For structured generation with schema validation, see [Outlines](https://dottxt-ai.github.io/outlines).

## Text Models

Control text generation behavior, balancing creativity, determinism, and quality:

* **`temperature`** (0.0-2.0) - Randomness control. Lower (0.1-0.7) = deterministic; higher (0.8-1.5) = creative.
* **`top_p`** (0.0-1.0) - Nucleus sampling. Lower (0.1-0.5) = focused; higher (0.7-0.95) = diverse.
* **`top_k`** - Limits to top-k tokens. Lower (10-50) = high-probability; higher (50-100) = diverse.
* **`min_p`** (0.0-1.0) - Filters tokens below `min_p * max_probability`. Maintains quality with diversity.
* **`repetition_penalty`** (1.0+) - Reduces repetition. 1.0 = no penalty; >1.0 = prevents repetition.
* **`max_tokens`** / **`max_new_tokens`** - Maximum tokens to generate.

Parameter names and syntax vary by platform. See [Transformers](/deployment/gpu-inference/transformers), [vLLM](/deployment/gpu-inference/vllm), or [llama.cpp](/deployment/on-device/llama-cpp) for details.

### Recommended Settings Text

**For LFM2.5-1.2B-Instruct:**

* `temperature=0.1`
* `top_k=50`
* `repetition_penalty=1.05`

**For LFM2.5-1.2B-Thinking:**

* `temperature=0.1`
* `top_k=50`
* `top_p=0.1`
* `repetition_penalty=1.05`

**For LFM2 text models:**

* `temperature=0.3`
* `min_p=0.15`
* `repetition_penalty=1.05`

## Vision Models

LFM2-VL models use a **variable resolution encoder** to control the quality/speed tradeoff by adjusting how images are tokenized.

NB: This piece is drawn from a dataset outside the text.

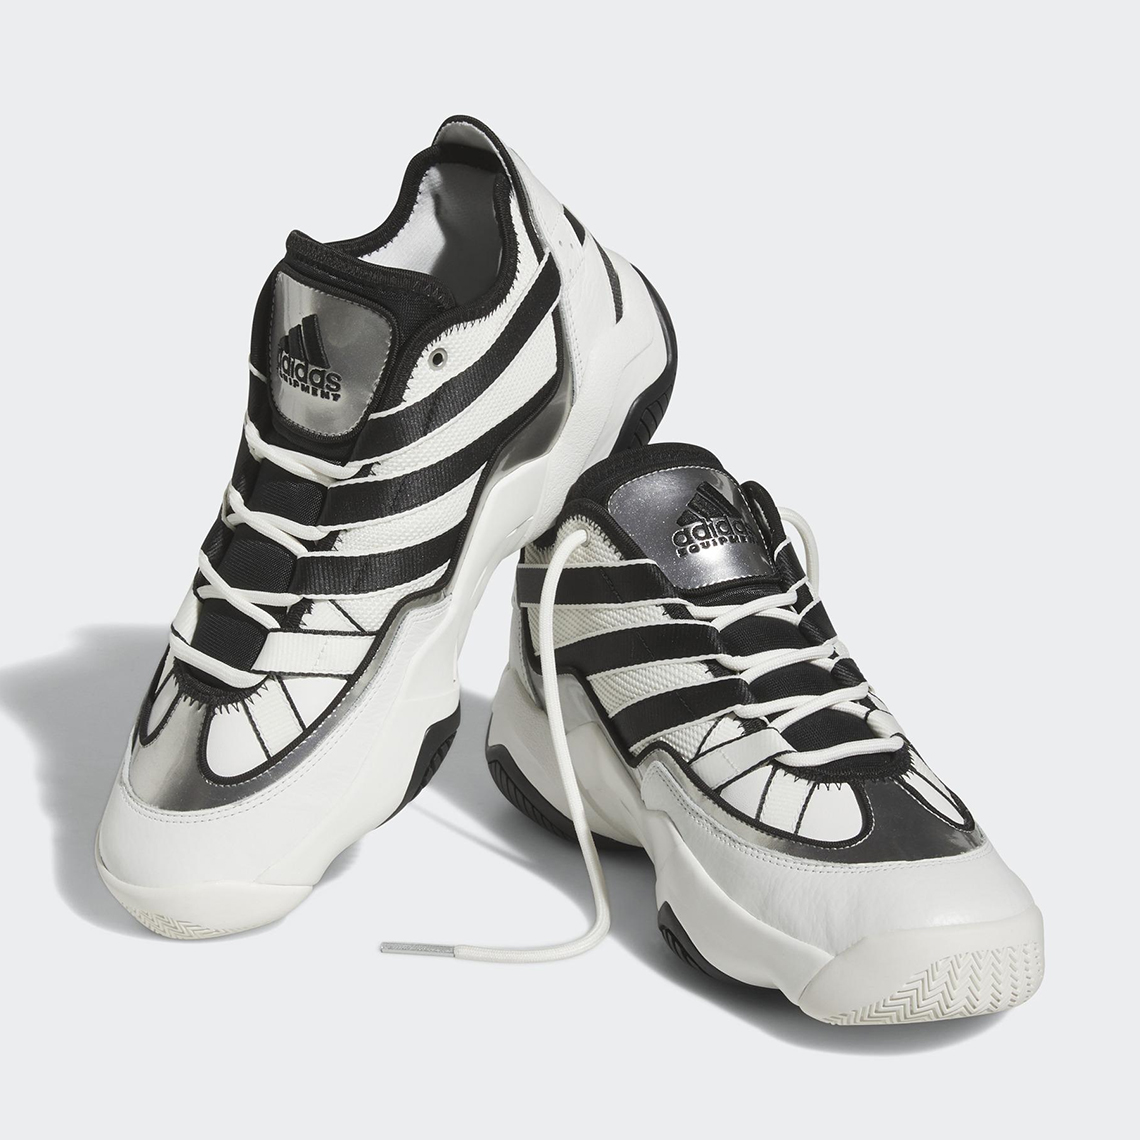 adidas schemes Top Ten 2010 White Black Silver Hr0099 5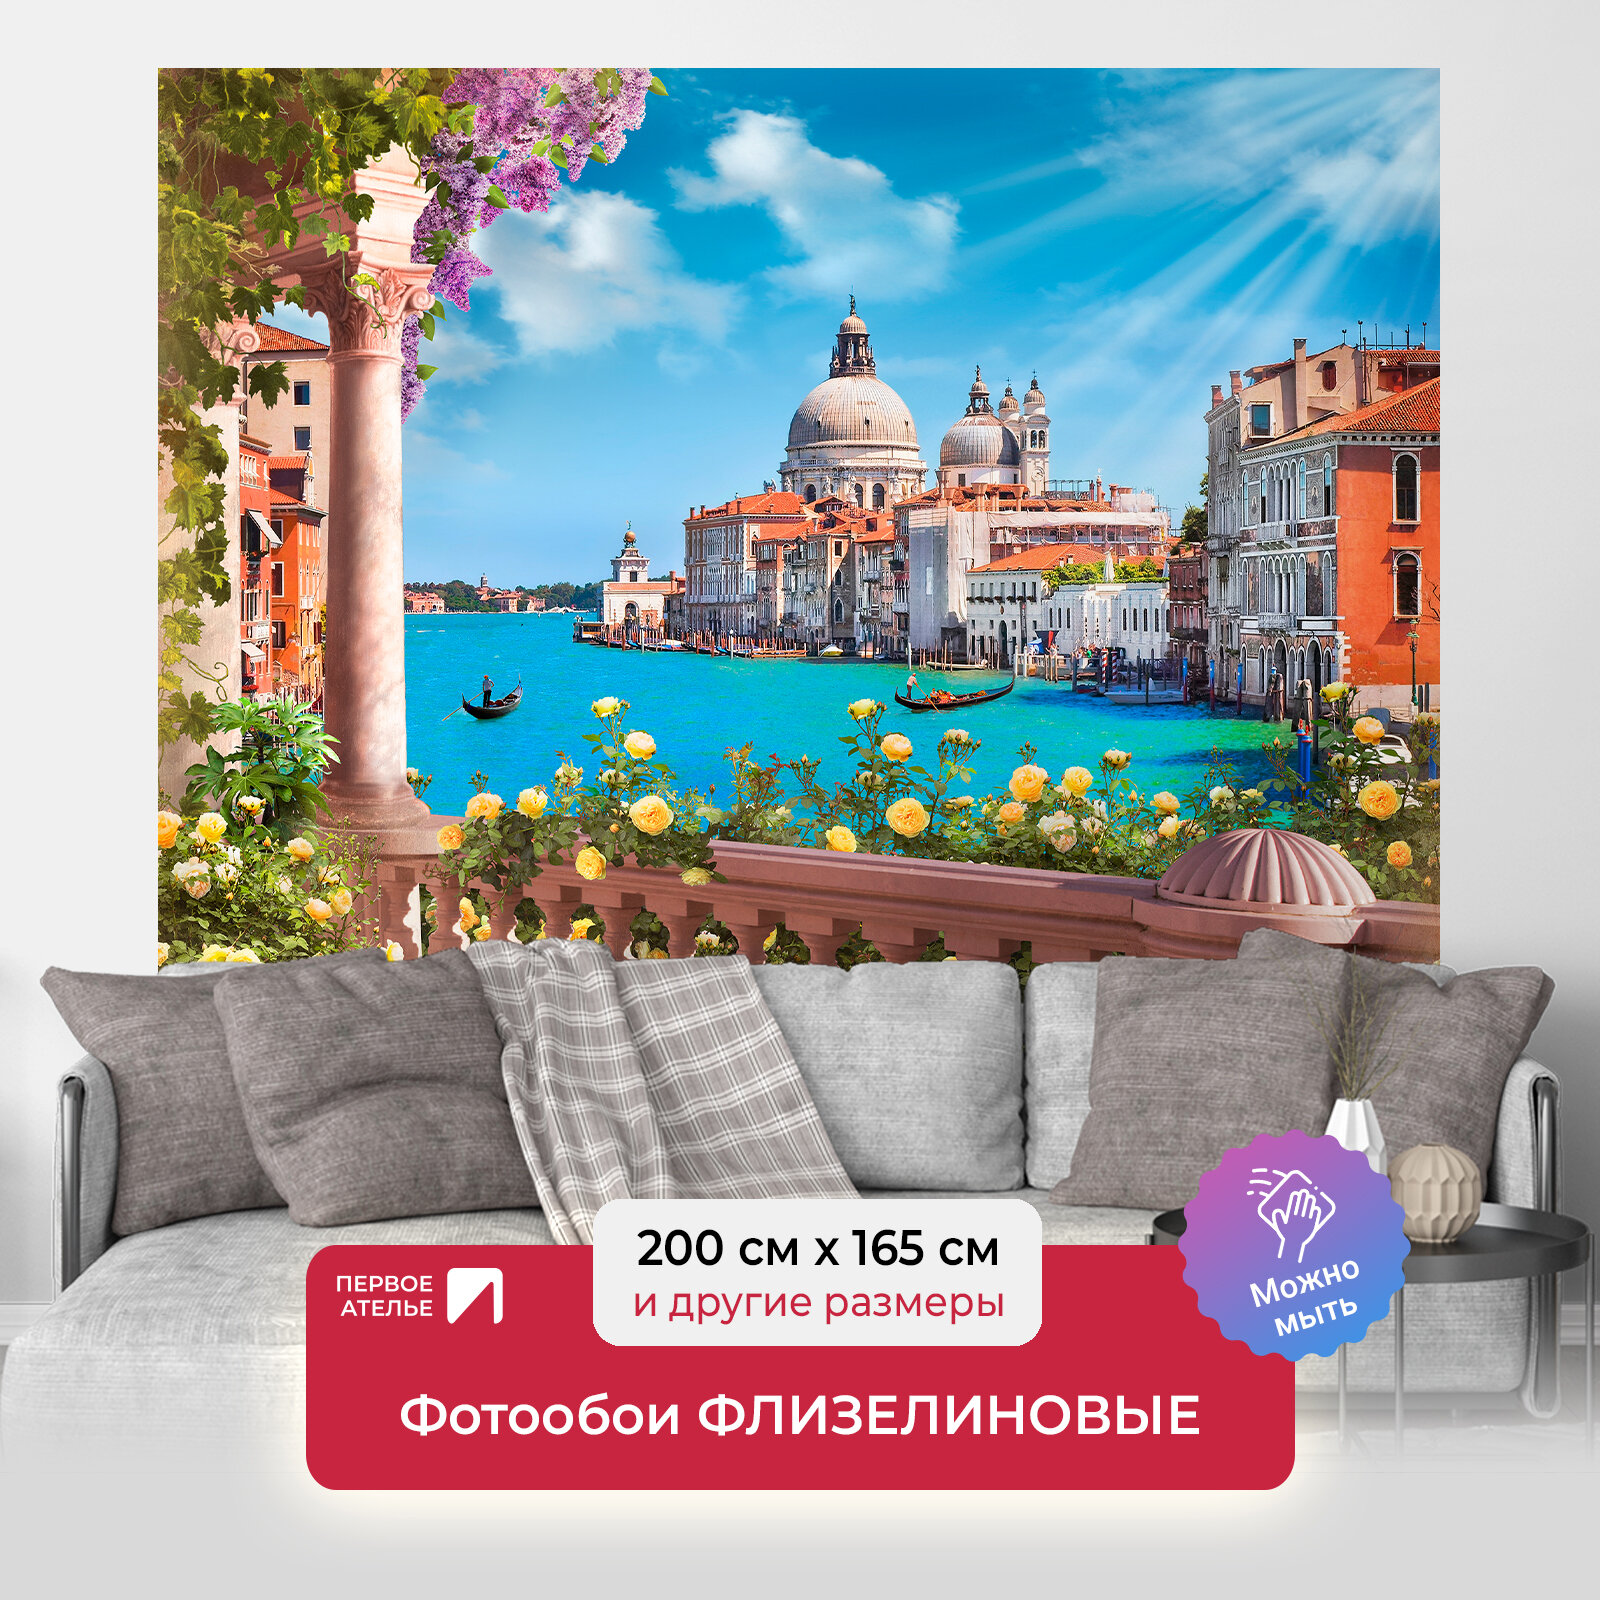 Фотообои на стену первое ателье "Венеция в солнечный день" 200х165 см (ШхВ), флизелиновые Premium

### Image Token Management

Control image tokenization with:

* **`min_image_tokens`** - Minimum tokens for image encoding
* **`max_image_tokens`** - Maximum tokens for image encoding
* **`do_image_splitting`** - Split large images into 512×512 patches

**How it works:** Large images are split into non-overlapping patches, then a 2-layer MLP connector with pixel unshuffle reduces tokens (e.g., 256×384 → 96 tokens, 1000×3000 → 1,020 tokens). Adjust `min_image_tokens` and `max_image_tokens` to balance quality vs. speed.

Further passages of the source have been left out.